Dagger in hand, Neira burst into another run, hoping Iphila would grant her the grace of not running head-first into another wall. Now she could truly hear the second pair of feet, gaining on her, a much longer stride than hers – Light! Around the next corner was the thin light of the foyer, reaching for her. Just a few more steps–
The wind was knocked out of her when something hard slammed against her back. The impact knocked the dagger from her hand and Neira scrabbled along the floor on her hands and knees, trying to find it in the shadows.
She should have screamed when she’d had the air for it, she realised, when hands closed around her ankles. She kicked wildly, twisting onto her back as she was dragged deeper into the shadows. If she was going to die tonight, she would etch the bastard's face into her memory so deep that when Erqis found a way to bring her back – because he would, she knew it, no matter how forbidden – her spirit would still know her attacker’s face.

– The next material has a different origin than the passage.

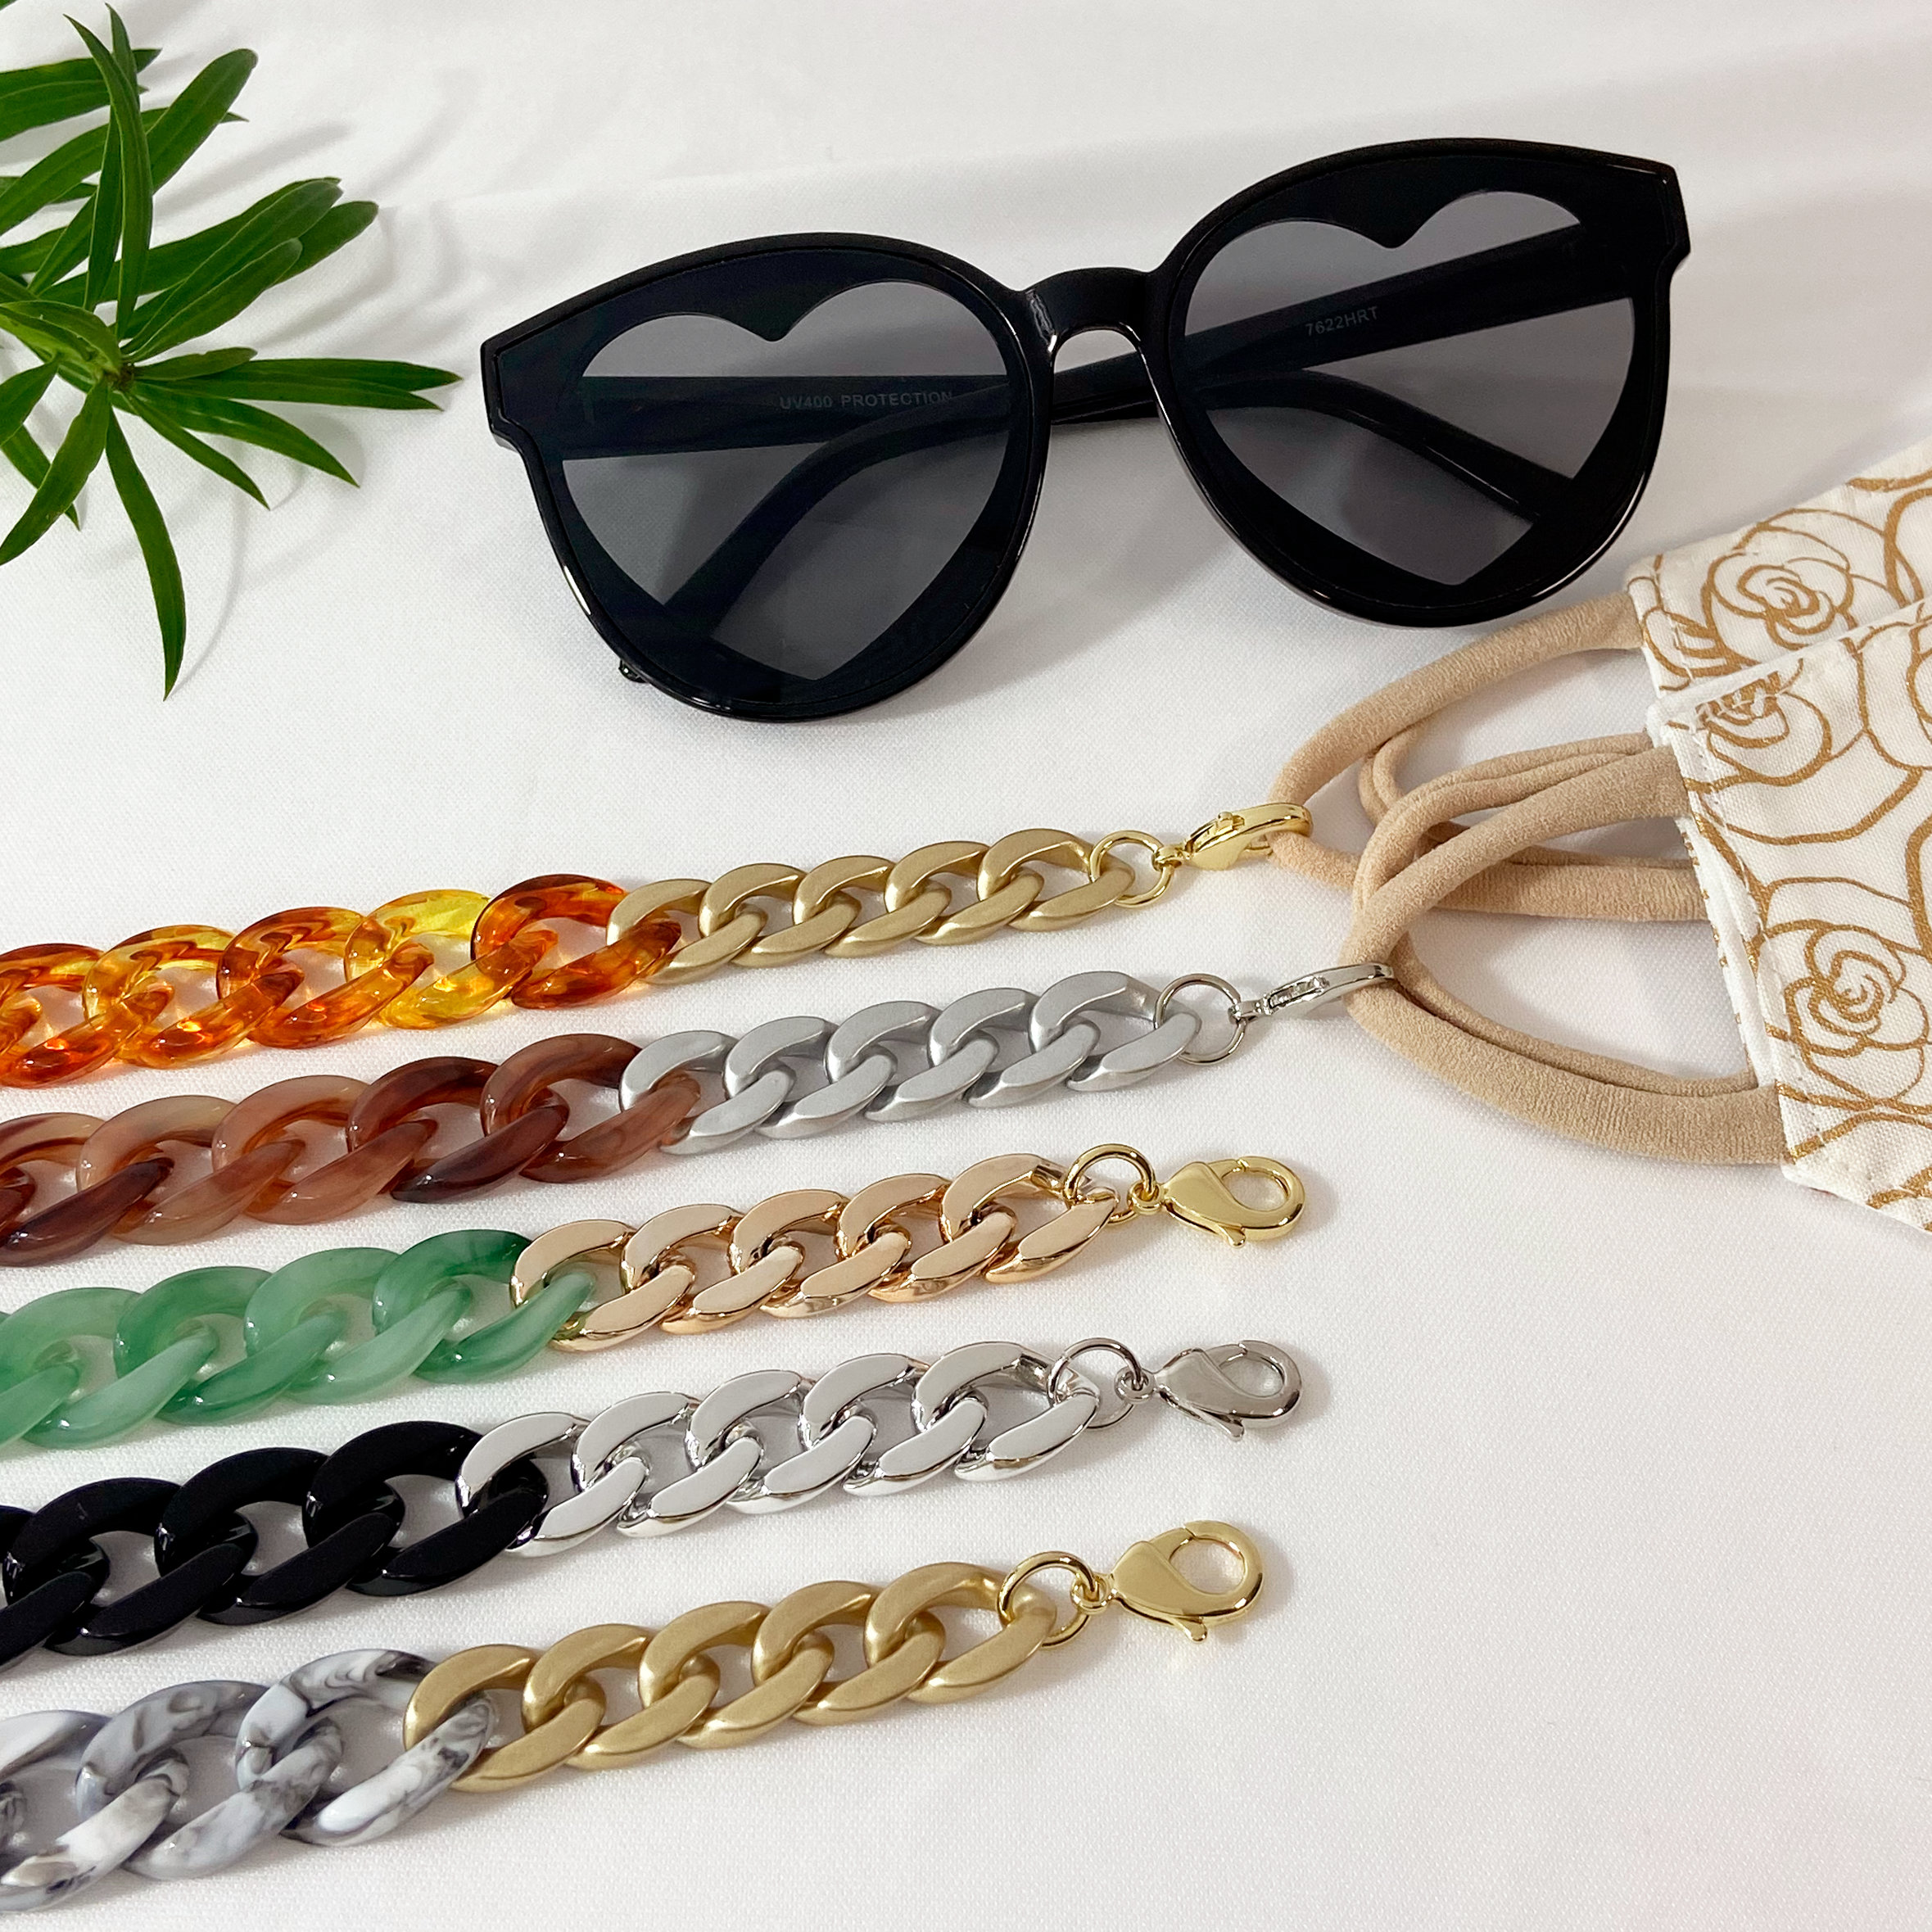  PASTL Sunglasses Neck Strap Thick Acrylic Chain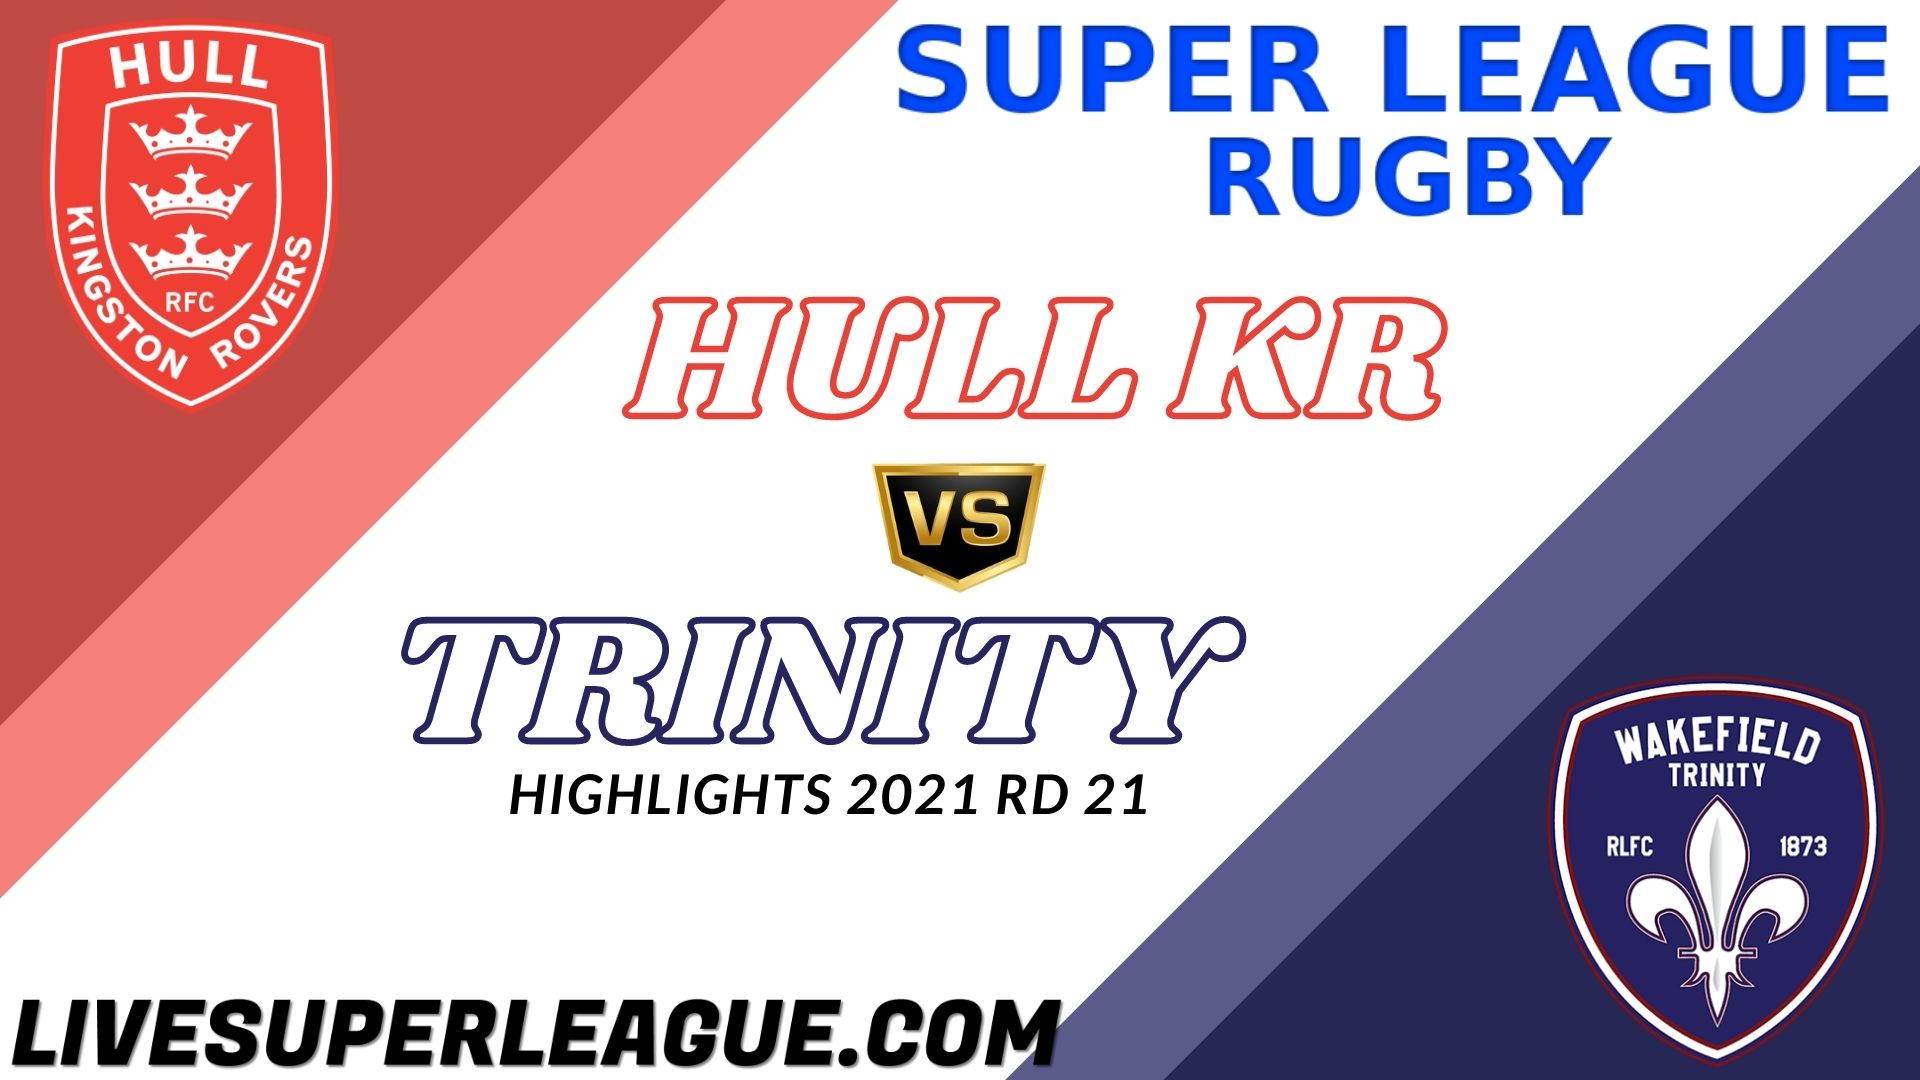 Hull KR Vs Wakefield Trinity Highlights 2021

Only there was no face. It was too dark, the cowl too deep, and when she raked her nails through where the face surely should be, she found nothing. But it was a man's body, she was sure of that only by how tall and broad-shouldered the figure was. And in what dim specks of light there were here, she could see how big his crude dagger was, partly serrated, and now held above her chest with both hands.
The well within her burst open.
Where her lungs had been stifled, where her chest had tightened, now there was only raw power, a heady, cold rush that wreathed her arms in bright mist.
The dagger came down with lethal force.
Three things happened, then, at almost the exact same time: her tendrils, shrill in their sudden brightness, wrapped like restraints around the attacker’s forearms. The cloaked, hulking figure screeched like a frightened pig as it was thrown back, off of her and down the dark corridor.
And a foot and a half above her, her name rolled down the side corridor on wings of flame.